Tuesday, April 22, 2014

My field project


It's really amazing considering many little and big things that have happened throughout this semester since I registered for the class called 'Sociocultural Influences on Learn.'

- The house where I've been living happened to be very closed to Joslin Elementary school.
 It's a walk of 5 minutes.
- The ALD course that I've been taking is mainly about Mexican American education, and most of the kids at Joslin have Mexican ethnic background.
- I met the sister working in that school at the very beginning of the semester in a saint's house when we were having the college outing; there were dozens of other houses that I could've been assigned to.
- A few weeks ago, my host grandpa told a story about how people (related to Austin ISD) never could change the neighborhood about re-drawing the boundaries regarding racial integration. That added a new dimension in my understanding the community I was interested in for my project.
- I went to another home meeting for Friday and met two kids that go to Joslin there. They live right next to the house where the home meeting was and they always come over to the house to play with their American grandpa and grandma. The host family told me how they began to pick up a burden to take care of them becoming their grandparents.
- I went on a blending trip with the Monday night home meeting members to Mission and Edinburg which border Mexico.


1 comment:

  1. You went to Mission and Edinburg? Or you met with people who went there on a mission trip? I went on a Mission to Mission a few years ago, and it was a really awesome experience. It's a really fascinating place. If you went down south, did you go to the border itself to see the fence and the river?
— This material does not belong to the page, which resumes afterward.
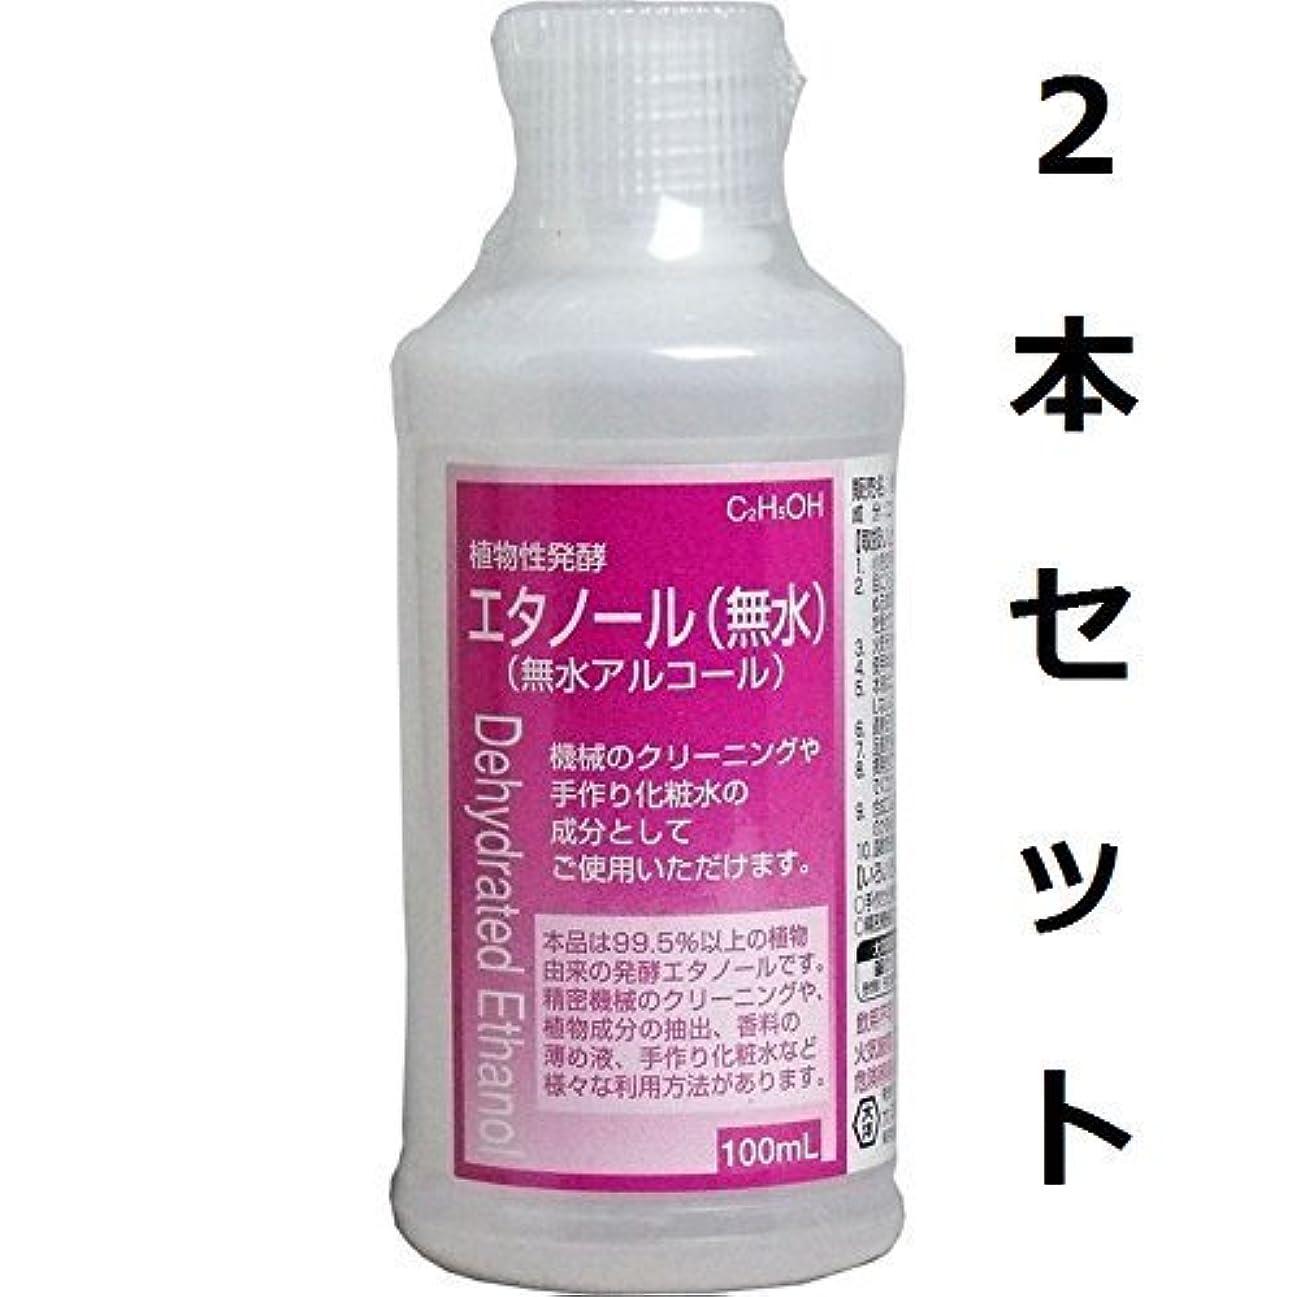 年次無視エゴイズム香料の薄め液に 植物性発酵エタノール(無水エタノール) 100mL 2本セット by 大洋製薬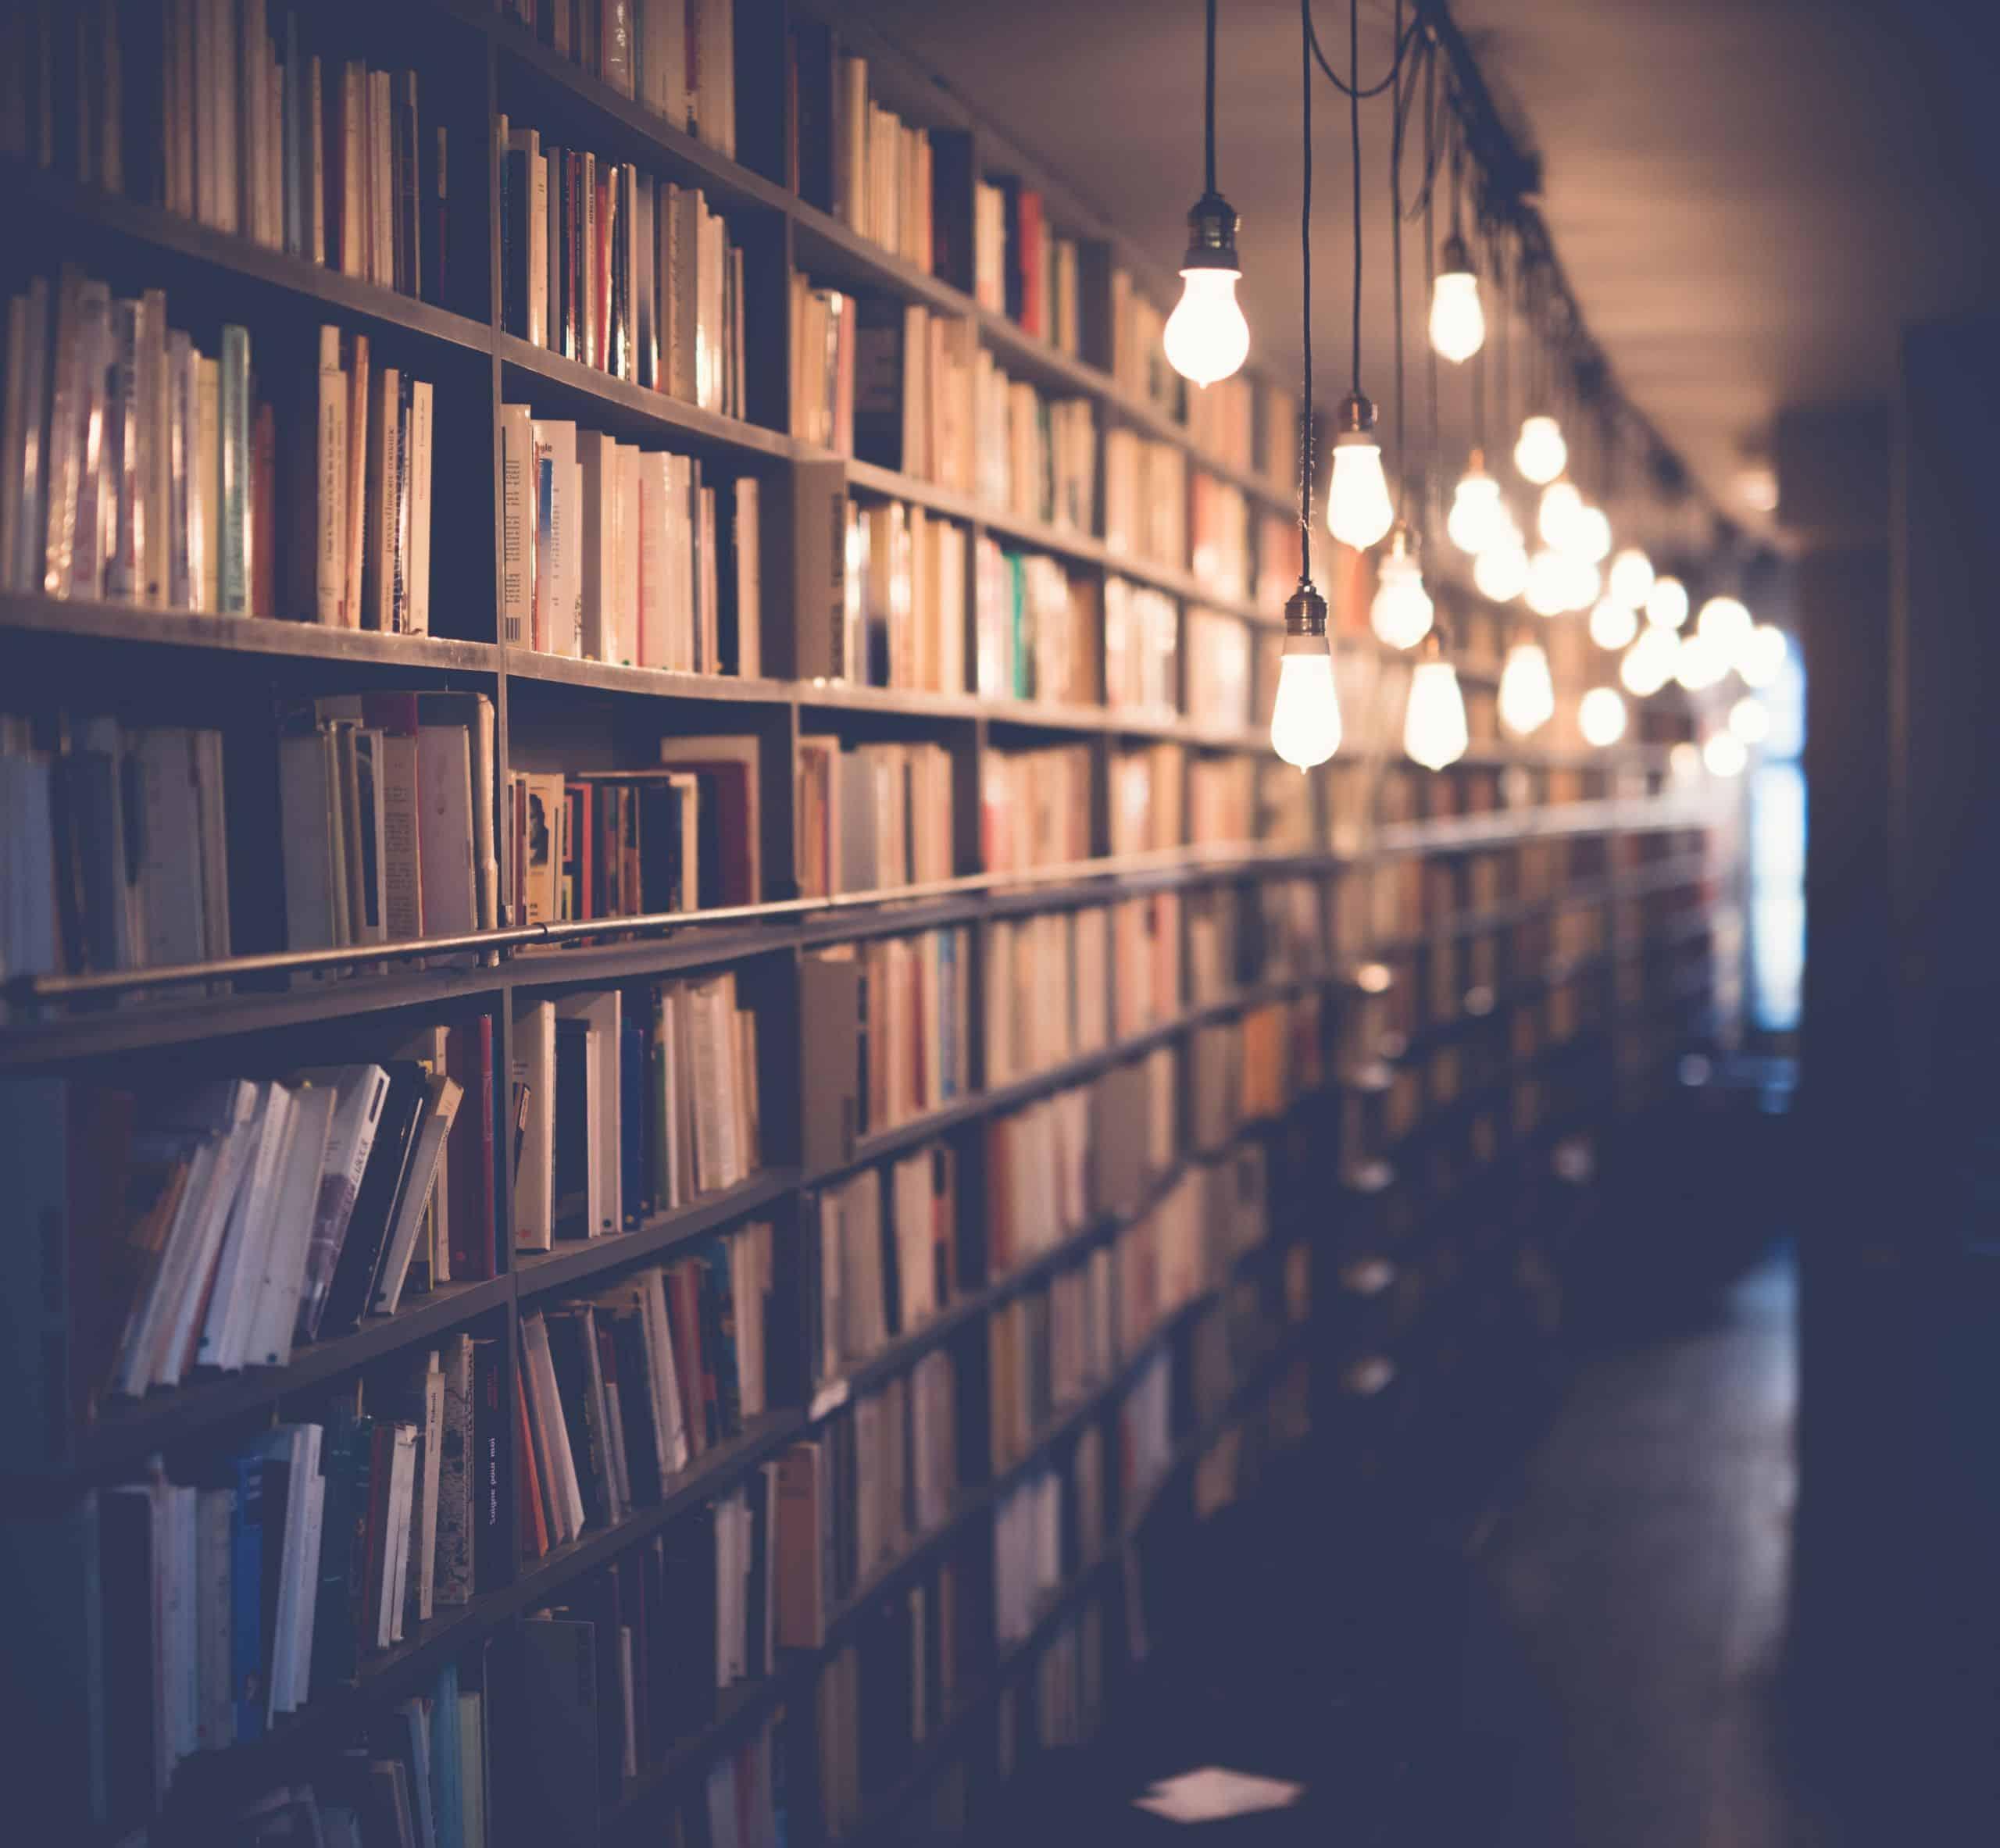 Long, tall bookshelves full of books

    Your experiences with Joslin Elementary School are really interesting! I haven't visited that school, but the experiences the grandfather alluded to are very familiar to me. Austin experimented with a lot of different models to try to integrate, but when you look at the demographics, the schools are persistently very segregated. The Title 1 money (federal assistance) that goes to schools with lower socio-economic status is helpful, but it doesn't make up for the overall feeling of separateness and inequality among the schools. Don't get me wrong, many of the low SES schools in Austin do amazing work! But there is a sense that staff at low-SES schools tend to be scrutinized, "walked through" (visited by central administration), and even closed down if test scores get low. And the test scores correlate closely with SES. Complicated stuff!

    Rather than the generalizations I´m giving, I think it is so much more important to get a human, real understanding of the people in the schools, which it sounds like you had a great opportunity to do! Thank you for sharing!